The problem distillation solves
State-of-the-art models are large, slow, and expensive to run. That is fine in a data center but impractical on a phone, in a browser, or at the scale of millions of requests where latency and cost dominate. Knowledge distillation is the technique that bridges this gap: it transfers the capability of a big, expensive teacher model into a small, cheap student model. The student ends up far smaller and faster while keeping much of what made the teacher good. It is one of the main reasons capable models now run on modest hardware, and it underpins many of the small, efficient models released in recent years.
Teacher and student: how the training works
In ordinary supervised training, a model learns from data with hard labels — this email is spam, this token comes next. In distillation, the student instead learns to match the teacher’s output. The teacher processes inputs and produces its full probability distribution over possible outputs, and the student is trained to reproduce that distribution.

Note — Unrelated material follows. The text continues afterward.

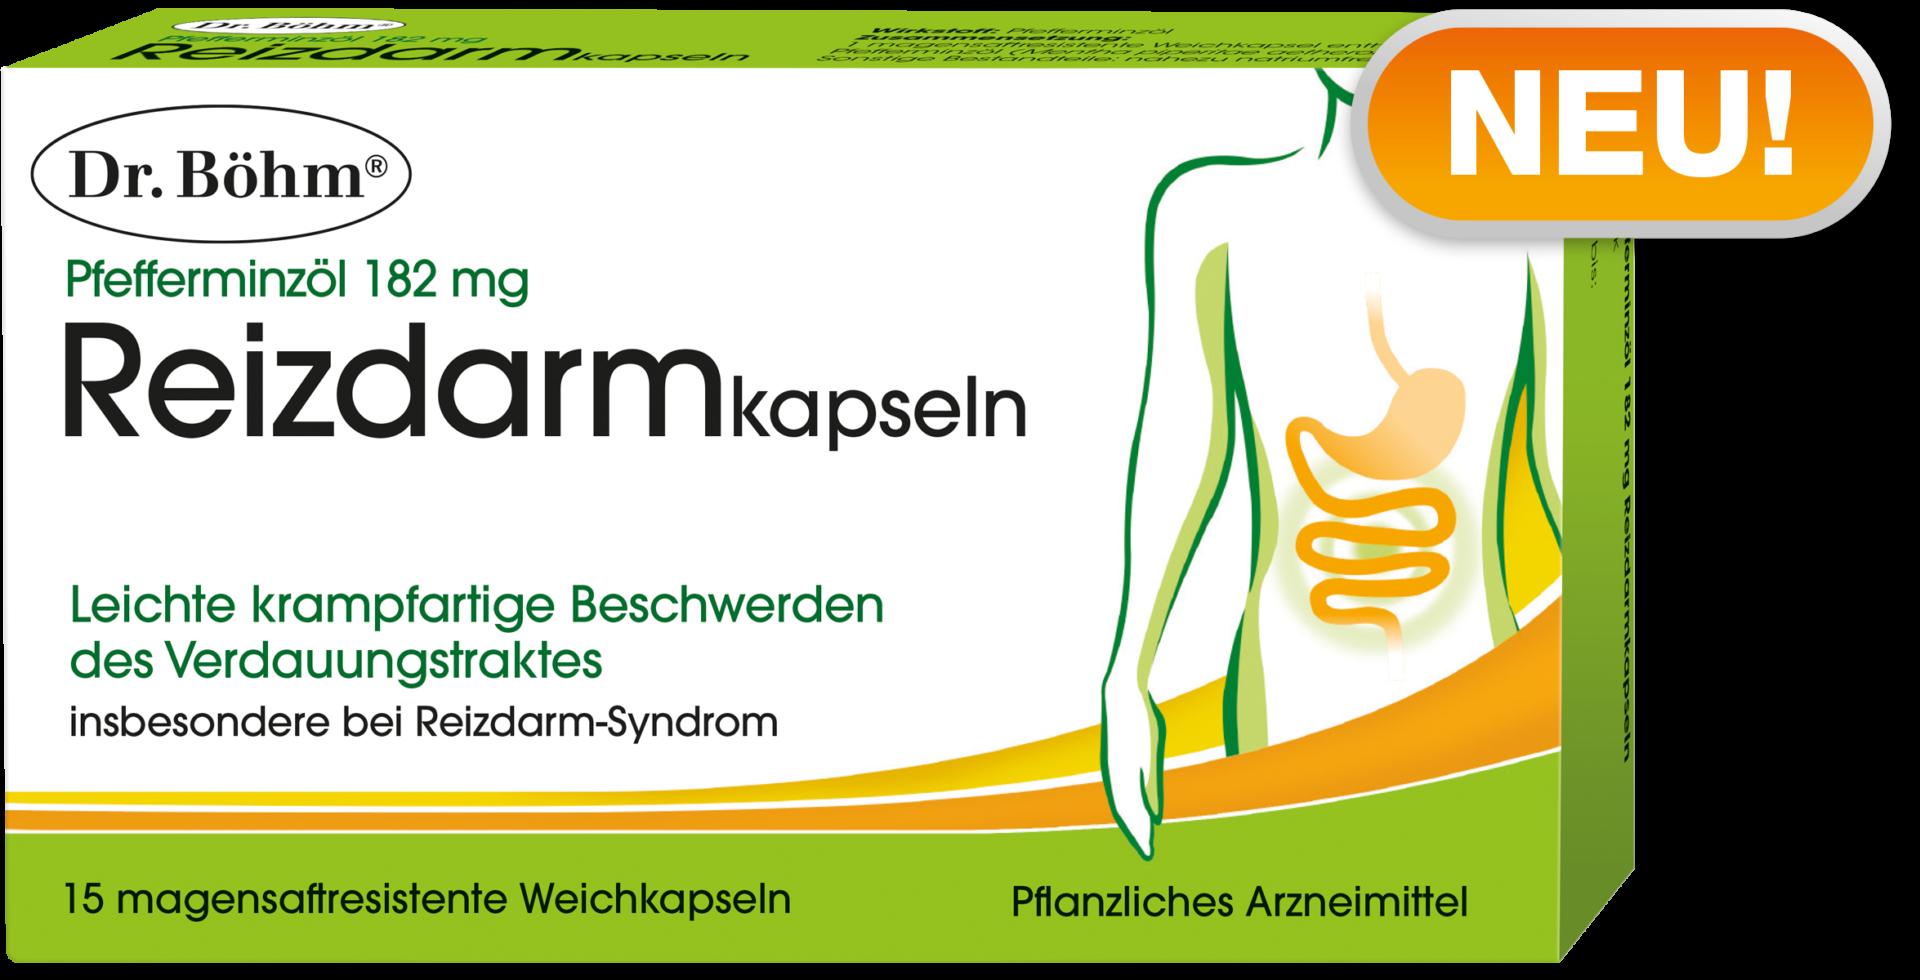 NEU! Dr. Böhm® Reizdarmkapseln, Pfefferminzöl 182 mg, Pflanzliches Arzneimittel

So the student is not just told the right answer; it is shown how confident the teacher was across all options. This is typically combined with the true labels too, so the student learns from both the ground truth and the teacher’s richer signal. The teacher does the expensive learning once; the student inherits a distilled version of it.
Soft targets and “dark knowledge”
The magic ingredient is soft targets. A hard label says “this is a 7.” A teacher’s soft target says “92% a 7, 5% a 1, 3% a 9” — encoding that sevens look a bit like ones and nines. Geoffrey Hinton and colleagues, who formalised modern distillation, called this extra information dark knowledge: the relationships and similarities the teacher learned that a single label cannot express. A “temperature” parameter is often used to soften the teacher’s distribution further, exposing even the small probabilities. Training on these graded signals is why a small student can generalise much better than the same-sized model trained on hard labels alone — it inherits the teacher’s sense of structure, not just its answers.
Where distillation shows up
Distillation is everywhere in modern AI. The classic example is DistilBERT, a compressed version of BERT that kept most of its accuracy at roughly half the size. Today, many compact, efficient model families are trained partly through distillation from larger siblings or from synthetic data generated by a stronger teacher — the Phi and Gemma families and various small instruction-tuned models lean on this idea. A widespread variant is data distillation: a strong model generates high-quality training examples, and a smaller model is trained on them, effectively distilling the teacher’s behaviour through its outputs. This is how a lot of capable open small models are built.
Distillation vs other compression methods
Distillation is one of three main ways to make models smaller, and it is worth knowing how they differ. Pruning removes weights or whole neurons from an existing model that contribute little, then fine-tunes what remains. Quantization lowers the numerical precision of the weights — say from 16-bit to 4-bit — shrinking memory and speeding inference with modest quality loss. Distillation trains a genuinely new, smaller architecture to imitate a larger one. The key distinction: pruning and quantization compress a given model in place, while distillation produces a fresh model that can have a different shape entirely. In practice these are complementary — teams frequently distill a model and then quantize it — so the real-world recipe for an efficient model is often all three working together.